Словом, после той первой бомбежки беженцы, все как один, бросились в долину посмотреть, целы ли их дома, и почти все вернулись с хорошей вестью, что дома их уцелели и вообще разрушения в городе не так ужасны, как казалось поначалу. Правда, было двое убитых: старик нищий, спавший в разрушенном доме на окраине города, и, как это ни удивительно, тот фашист, который прозывался Обезьянка и угрожал нам ружьем, когда мы жили у Кончетты. Обезьянка умер, как и жил: в то утро, благо была хорошая погода, он пошел в Фонди и взломал железную штору одной галантерейной лавки. В дом попала бомба, и Обезьянку нашли под обломками среди мотков тесьмы и рассыпанных пуговиц — в руке он еще сжимал какую-то украденную вещь. Я сказала Розетте:

— Ну что ж, если умирают такие люди, как этот фашист, то мы только должны сказать войне спасибо.

Но я удивилась, увидев, как по лицу у нее текут слезы, и услышав ее ответ:

— Не надо так говорить, мама… он такой же несчастный, как и все.

А вечером Розетта вздумала молиться за него, за спасение его души, хотя душа его была еще черней, чем та черная рубашка, что была на нем, когда его убило бомбой.

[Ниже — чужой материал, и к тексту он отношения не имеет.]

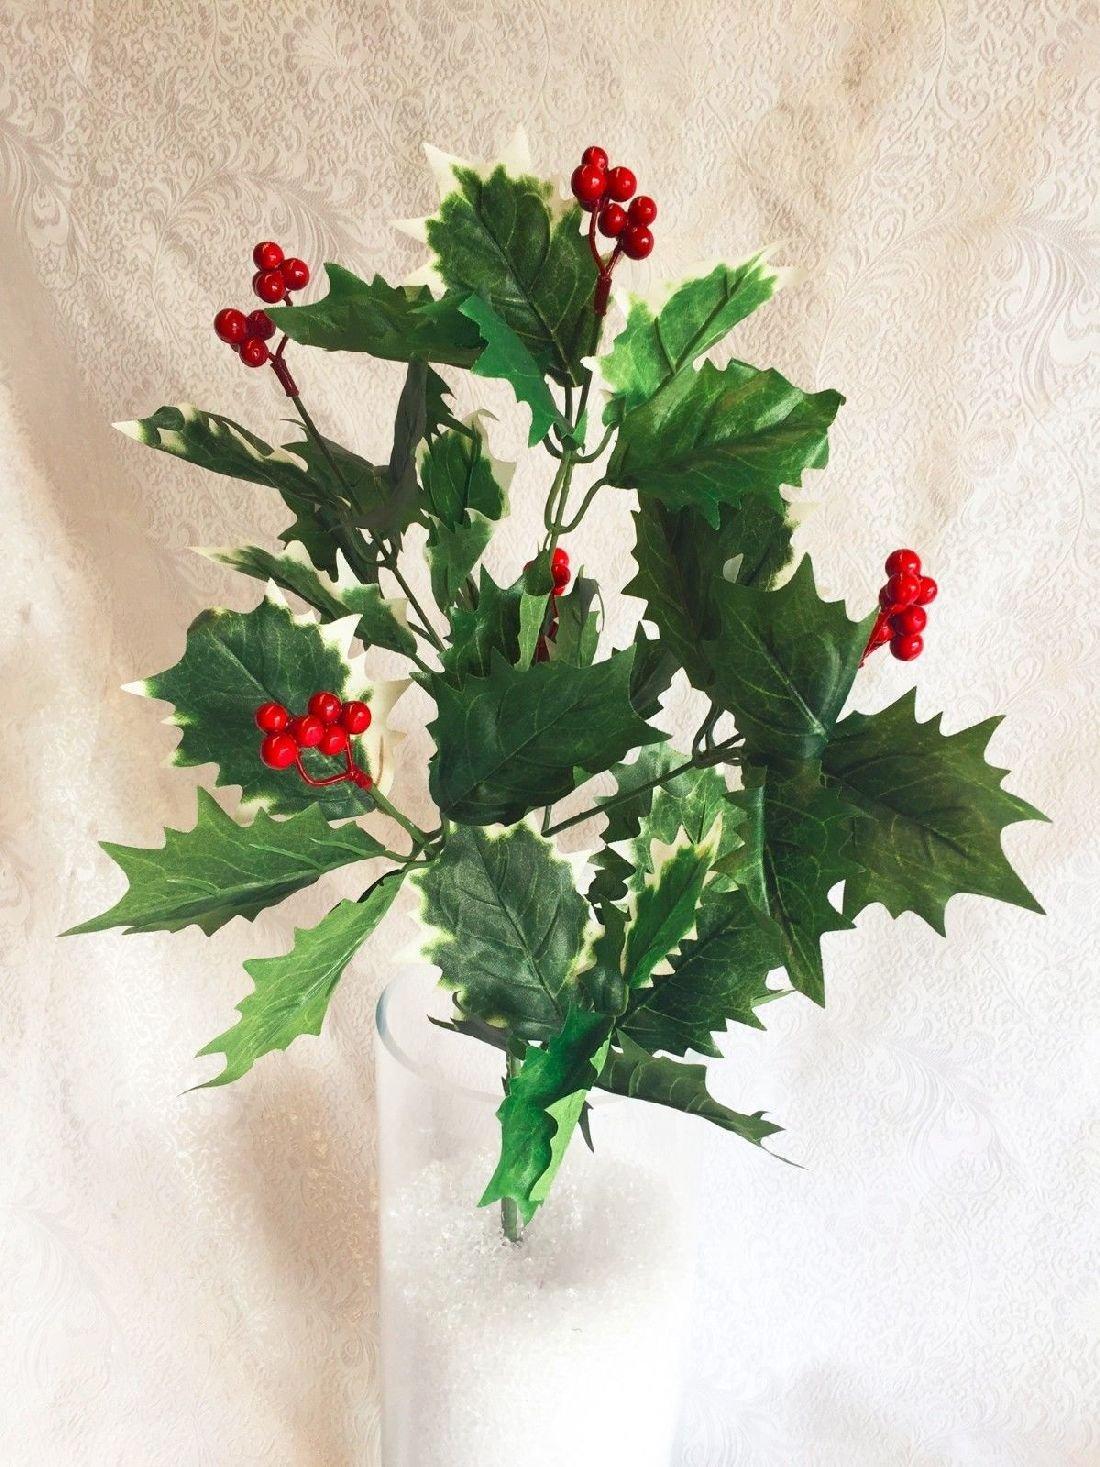 Christmas Greenery Centerpieces.1pcs Holly Berry Bush Christmas Filler Greenery Silk Wedding Flowers Centerpieces

Забыла сказать я, что в те дни был еще один покойник — Томмазино. Я хорошо знаю, как и почему он умер, — была я вместе с ним, когда произошло то, что было причиной его смерти. Несмотря на дождь, холод и непролазную грязь, он продолжал все это время торговать. Покупал он продукты у крестьян, у немцев, у фашистов и потом перепродавал их беженцам. Продуктов теперь стало мало, но он все ловчил и где-то раздобывал соль, табак, апельсины, яйца. Конечно, он сильно взвинтил цены и, насколько я знаю, здорово наживался. Целыми днями он бродил по долине, не обращая внимания на опасность, и не потому, что был смельчаком, а потому, что деньги были ему дороже собственной шкуры. Ходил он небритый, в подвернутых выше щиколоток рваных брюках, всегда в забрызганных грязью ботинках — ни дать ни взять Вечный жид. Семью он давно поселил у каких-то крестьян, обитавших еще выше по склону, чем Париде, а тем, кто спрашивал его, почему он не живет с семьей, отвечал:

— Торговля у меня, хочу торговать до самой последней минуты.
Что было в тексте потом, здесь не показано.